According to the Chinese government plan, the 21st Century Maritime Silk Road goes westward from the South China Sea into the Indian Ocean and the Mediterranean Sea, and southward into the South Pacific. It aims to connect the European and Asia-Pacific economic circles, but with the focus on Southeast Asian countries.

 

Obviously, the South China Sea is one of the most important transport routes along the Maritime Silk Road. Whether the South China Sea remains peaceful or not is vital to the progress and speed of promoting the 21st Century Maritime Silk Road.

 

The Belt and Road plays a role of a “diplomatic officer” that facilitates policy coordination between China and the countries surrounding the South China Sea. It is undeniable that in the process of advancing the BRI, some countries and China were at a certain degree of confrontation over territorial sea issues under the intervention and instigation of non-regional countries.

 

However, in the past three years of diplomatic practice and policy coordination, efforts have been made to manage the differences between China and relevant countries in dispute on the basis of exchanges and consultation on equal footings. They have continuously strengthened mutual trust and maintained stable and healthy development of bilateral and multilateral relations.

 

More importantly, with the joint efforts of all parties concerned, the goals of the Declaration on the Conduct of the Parties in the South China Sea (DOC) are moving steadily forward. In the process, the BRI has made critical contributions to policy coordination among countries.

 

The BRI promotes the connectivity between China and other countries surrounding the South China Sea. These countries, including China, boast hard-working people and rich resources, but still remain underdeveloped.
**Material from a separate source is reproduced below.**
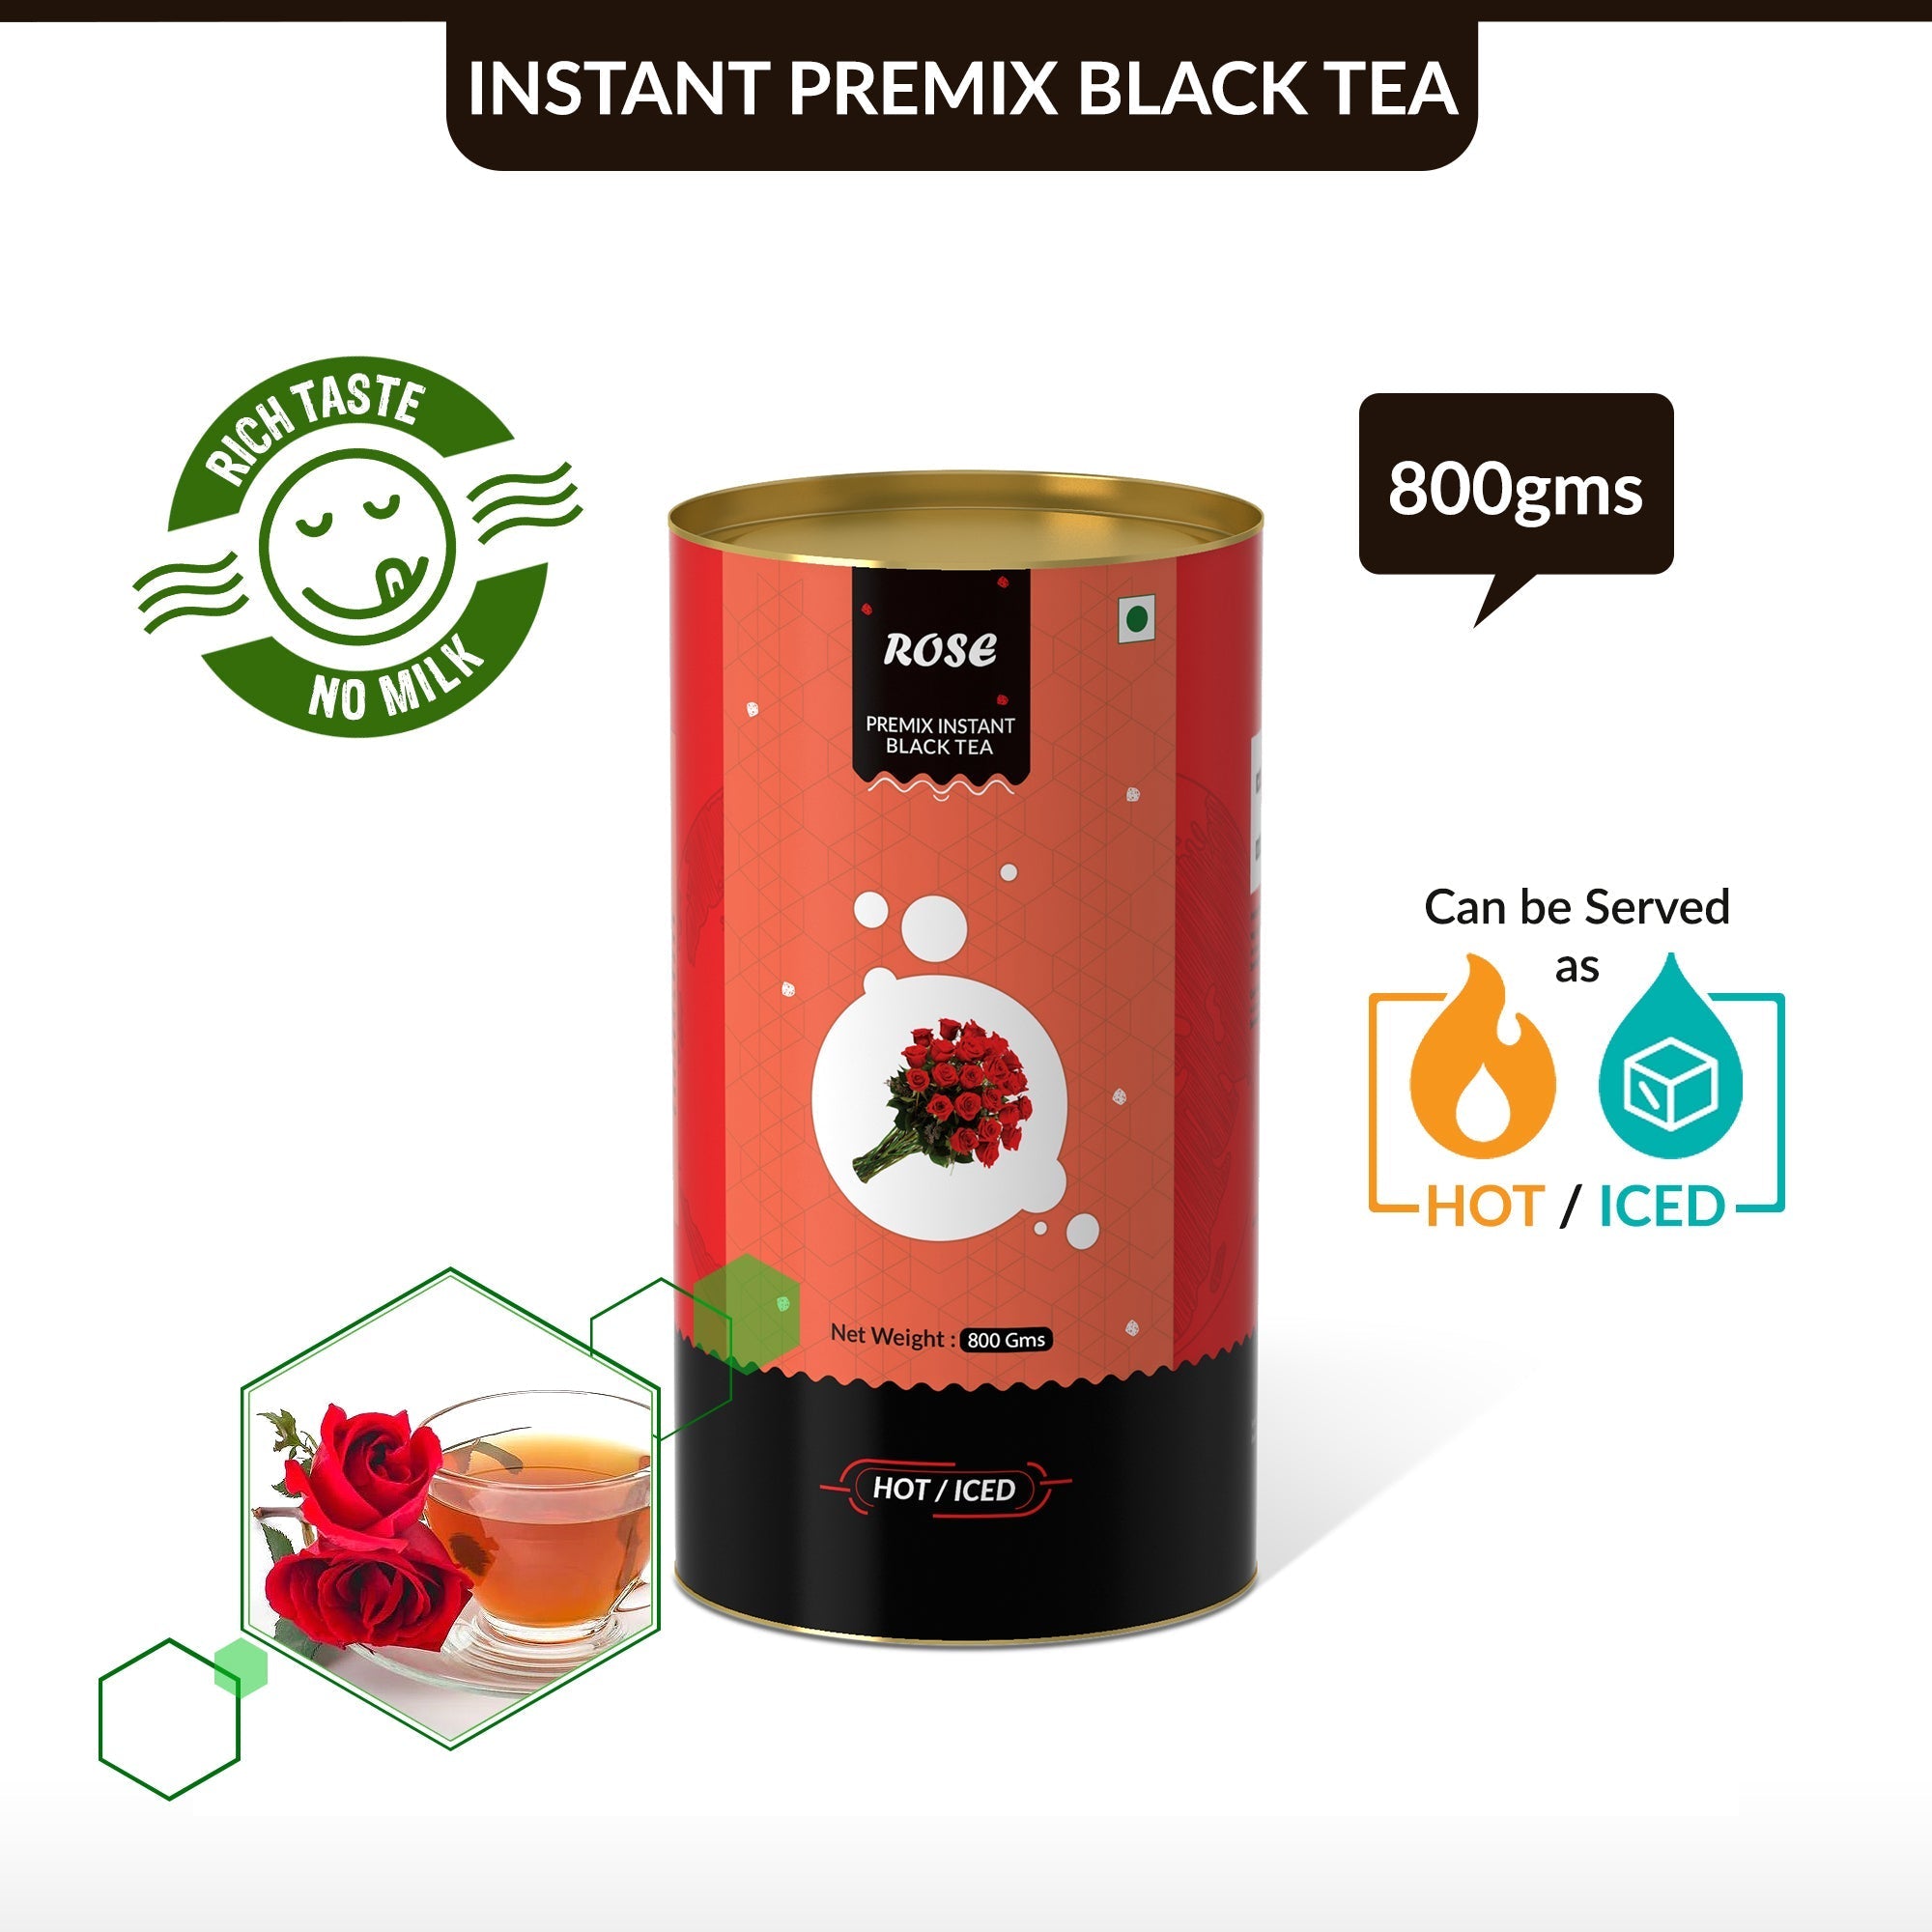 Rose Flavored Instant Black Tea - 400 gms

One reason is poor infrastructure. Important railway trunk lines and ports have not kept up with the actual needs of these countries’ development and export.

 

Based on this understanding, China and neighboring Southeast Asian countries, such as the Philippines, Vietnam, Malaysia, Brunei and Indonesia, have invested in the construction of important ports in joint efforts, so that the countries surrounding the South China Sea can realize unimpeded trade and financial integration through consultation and collaboration brought by the BRI. Such a process has seen a strengthening of people-to-people connectivity along the routes.

 

In summary, the statement that either “China advances the BRI with the purpose of filling the U.S. power vacuum” or “China makes use of the initiative to control the South China Sea” has proven to be completely wrong. This is because these statements are based on subjective delusions completely inconsistent with objective facts, and distort the original intention of the initiative. These rumors “selectively disregard” the actual achievements of the BRI over the past six years, and then subjectively claim that it is specifically aimed at the influence of the U.S. in the Asia-Pacific region or that the initiative is a kind of geopolitical tactic devised to suppress neighboring countries. Forces with hidden agendas even described the BRI, which advocates openness, inclusiveness and mutual benefit, and win-win outcomes, as a struggle for geostrategic interests, or a way of building hostile political camps for ideological confrontations.

 

These unintentional misunderstandings and intentional misinterpretations of the BRI are conducive neither to advancing the initiative, nor to self-interests of those countries that mistakenly and credulously believe in rumors. People of insight in China and the international community should unite and act together to make concerted efforts to align regional development strategies of various countries with the Belt and Road Initiative. In this way, they can pursue mutual benefits, and in the end, offer greater opportunities for development across the region.

 

 

WANG PENG is an associate research fellow with the Chongyang Institute for Financial Studies in the Renmin University of China.